Medium-term: rustworkx Integration
Replace NetworkX with rustworkx for 10-100x graph operation speedups while keeping SQLite for persistence. The hybrid architecture would look like:
Key benefits: parallel graph algorithms, better memory layout, native DAG operations.

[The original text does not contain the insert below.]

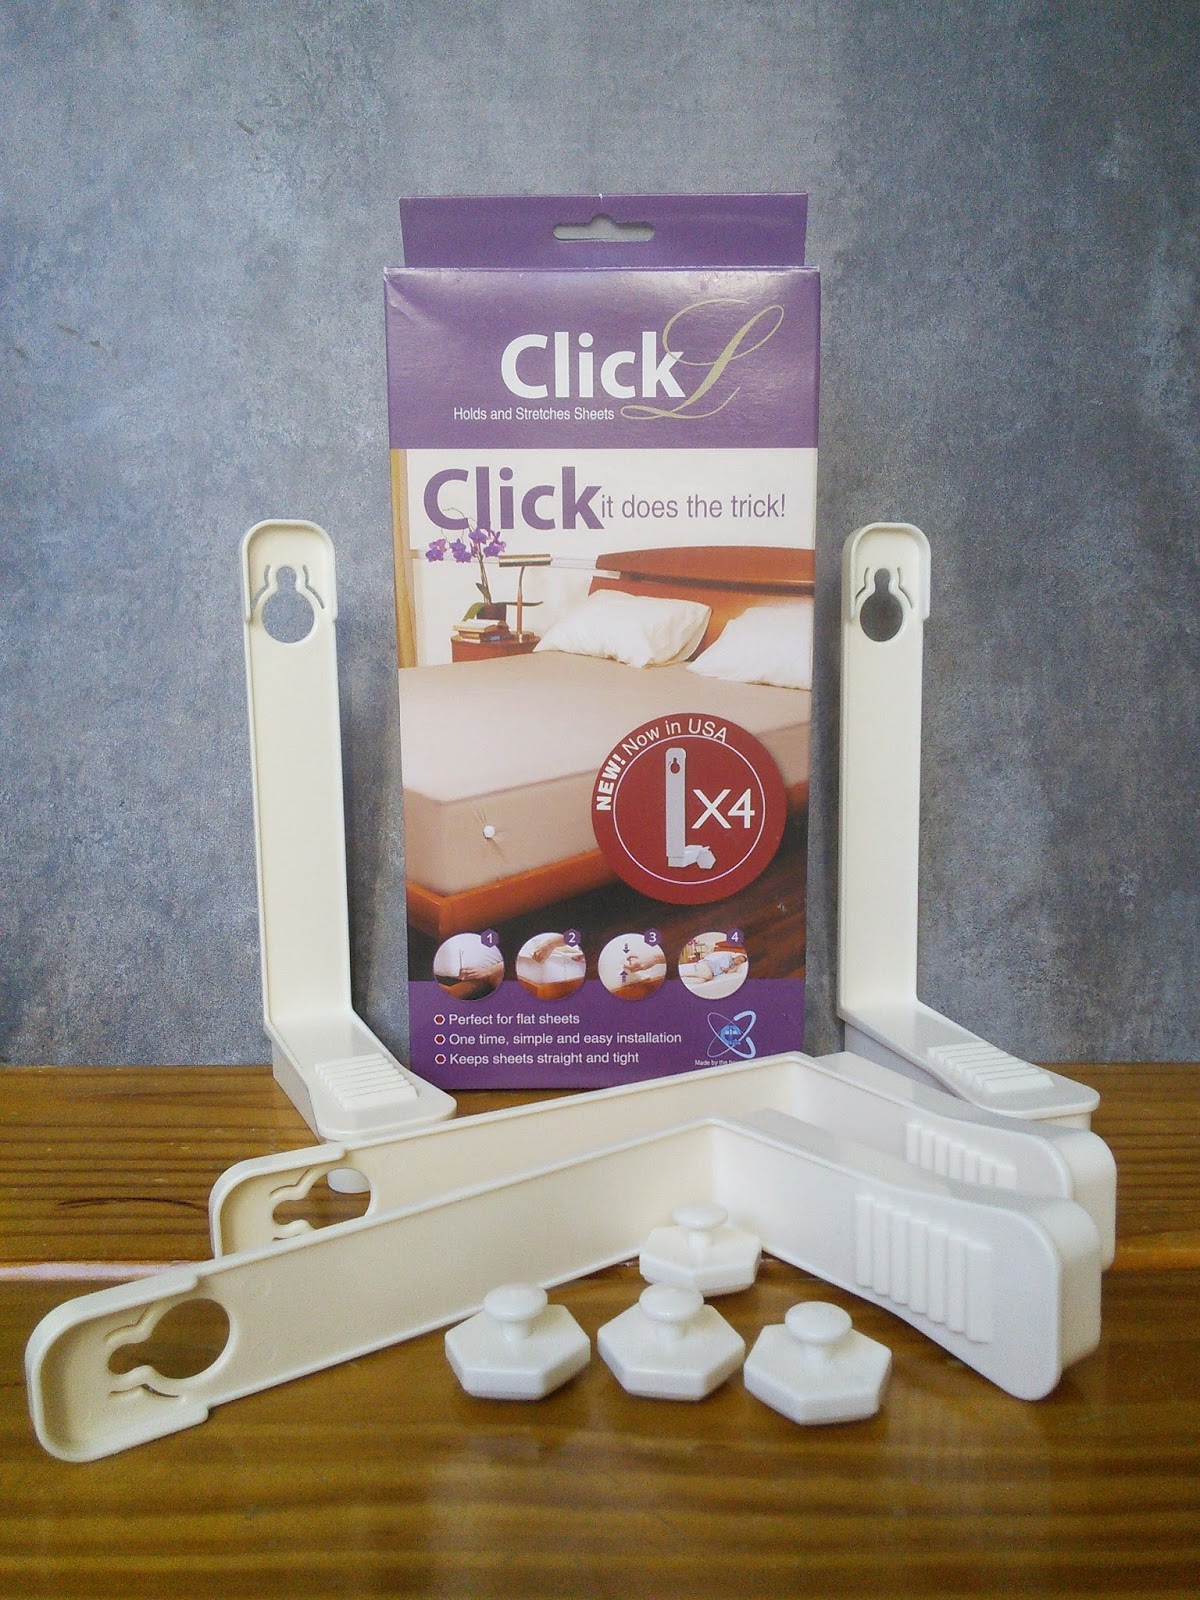 Mom Knows Best: Help Is On The Way For Bed Sheet Problems With ClickL

Long-term: Graph Database Evaluation
For very large codebases (>100K nodes, >1M edges), evaluate dedicated graph databases:
| Option | Pros | Cons |
|---|---|---|
| Memgraph | In-memory, Cypher-compatible, fast | Requires separate process |
| DuckDB | Embedded, analytical queries | Limited graph operations |
| Kùzu | Embedded graph DB, Cypher | Newer, smaller ecosystem |
| Neo4j | Mature, powerful | Heavy, server-based |
The migration path would maintain the StorageAdapter interface, allowing gradual rollout with fallback to SQLite.